> [What the exercise asks]: Leaving the pictures aside, repeat every line below exactly.

> [Material provided]:

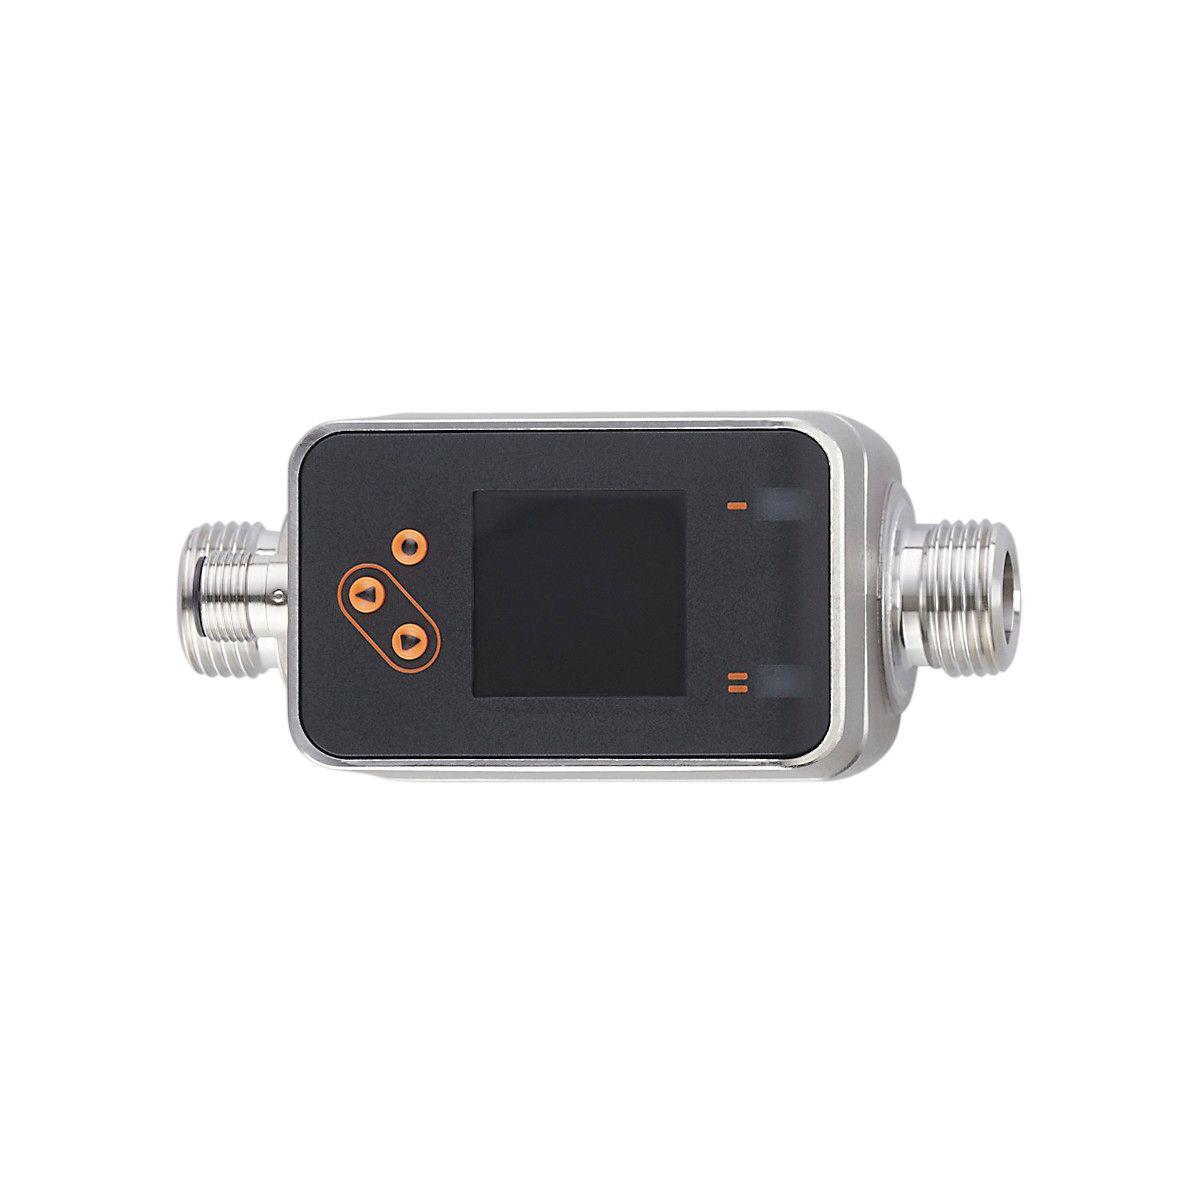 ifm Electronic SM6020 Magnetic-inductive flow meter, Precise measurement of flow, consumption and medium temperature, Number of inputs and outputs: Number of digital outputs: 2; Number of analog outputs: 1, Measuring range: 0.05...35 l/min 0.003...2.1 m³/h 0.6...555 gph 0.01..
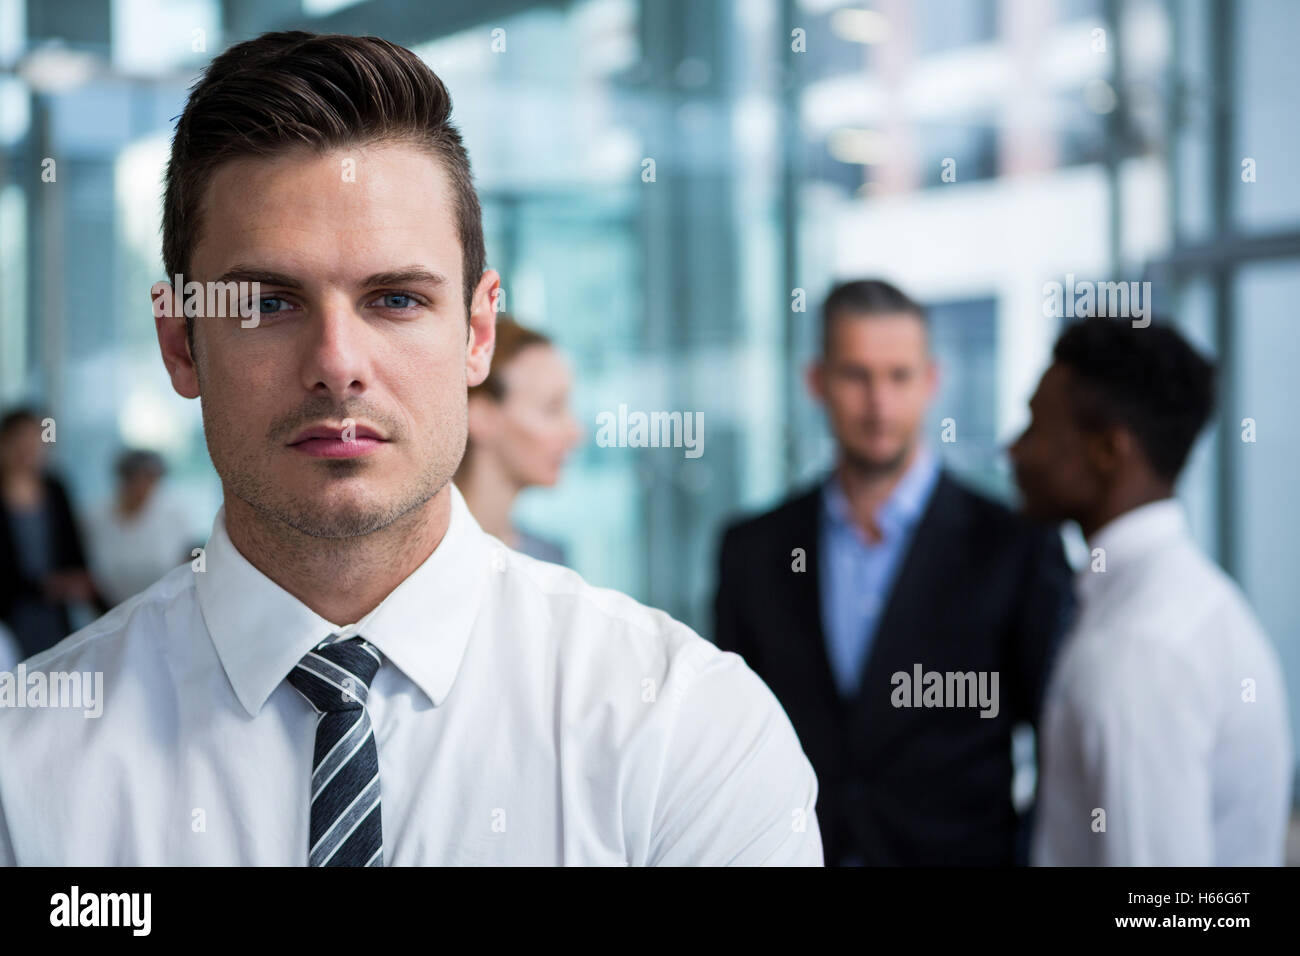 Businessman standing in office building Stock Photo
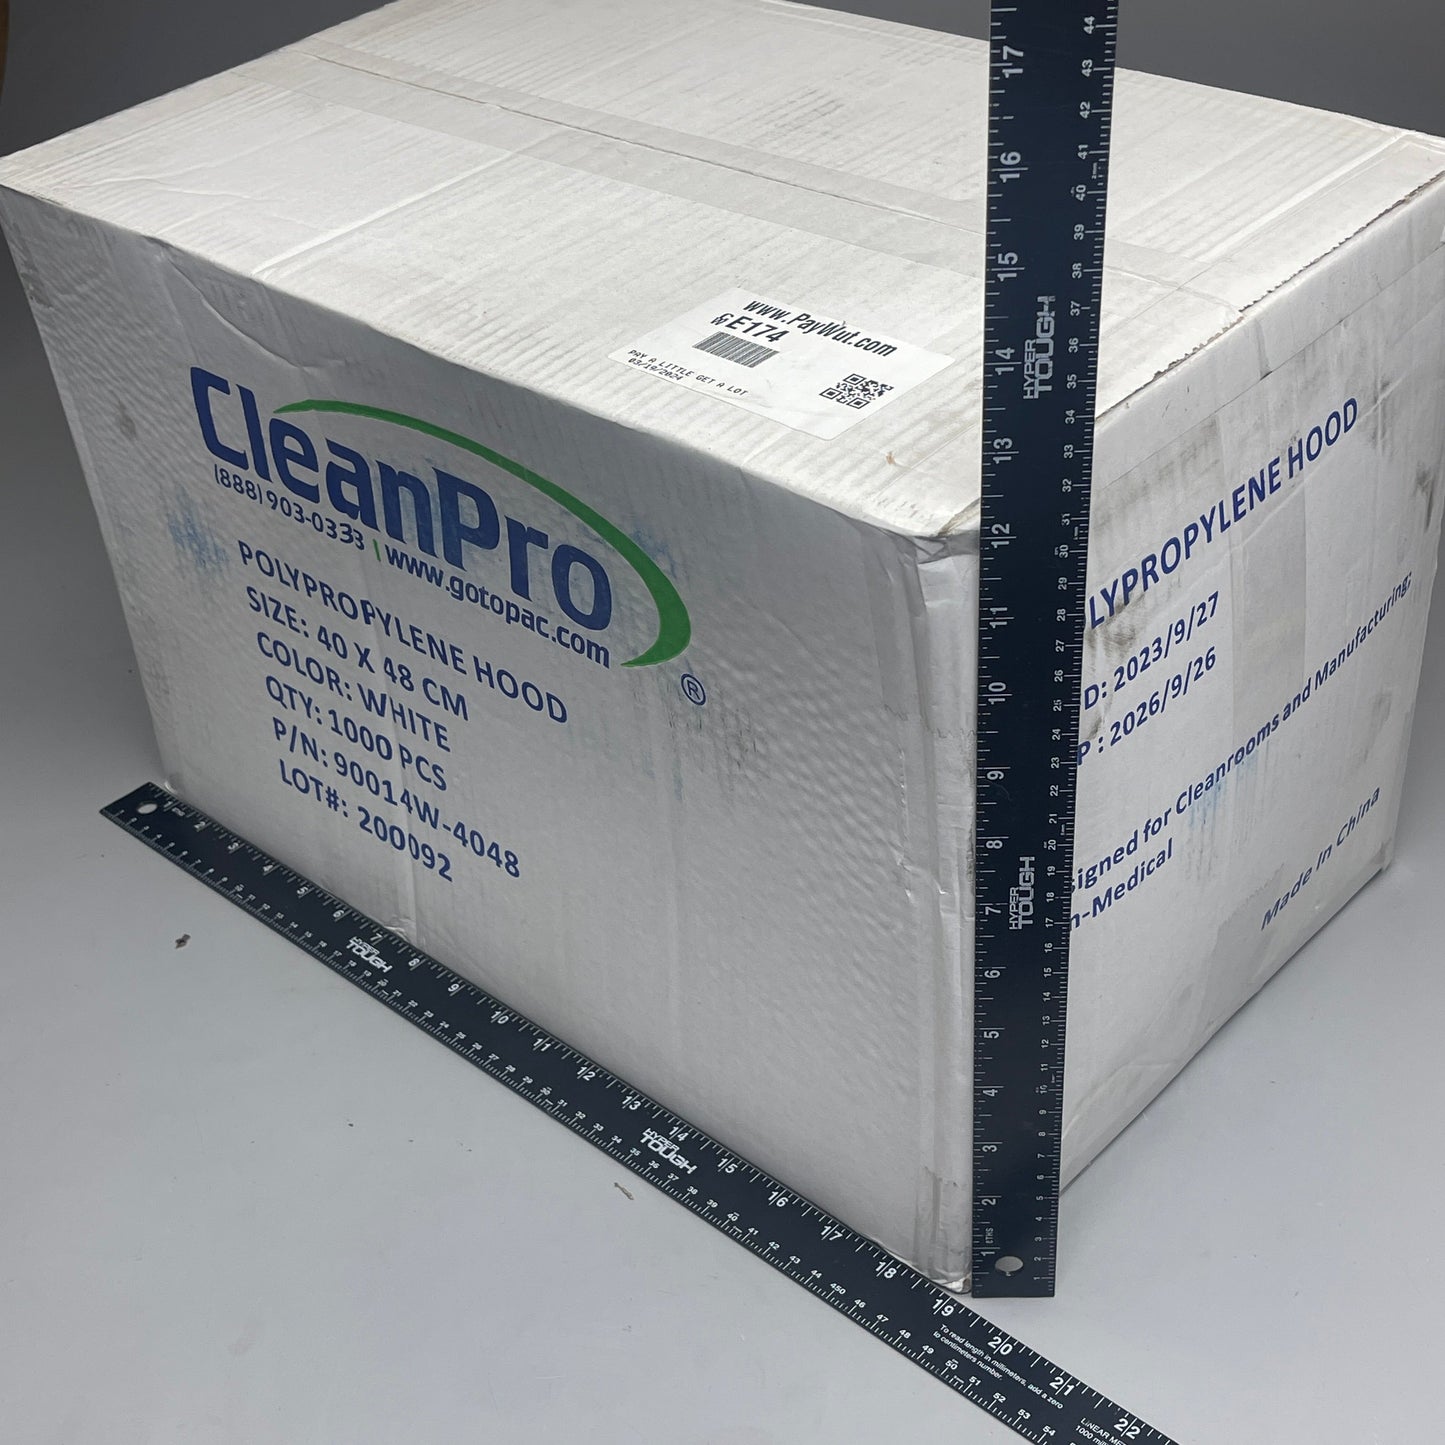 CLEANPRO (1,000 PACK) Bouffant Hood Disposable 90014W-4048 White BB 09/26/26

> [Answer space]:
 ifm Electronic SM6020 Magnetic-inductive flow meter, Precise measurement of flow, consumption and medium temperature, Number of inputs and outputs: Number of digital outputs: 2; Number of analog outputs: 1, Measuring range: 0.05...35 l/min 0.003...2.1 m³/h 0.6...555 gph 0.01..
 Businessman standing in office building Stock Photo
 CLEANPRO (1,000 PACK) Bouffant Hood Disposable 90014W-4048 White BB 09/26/26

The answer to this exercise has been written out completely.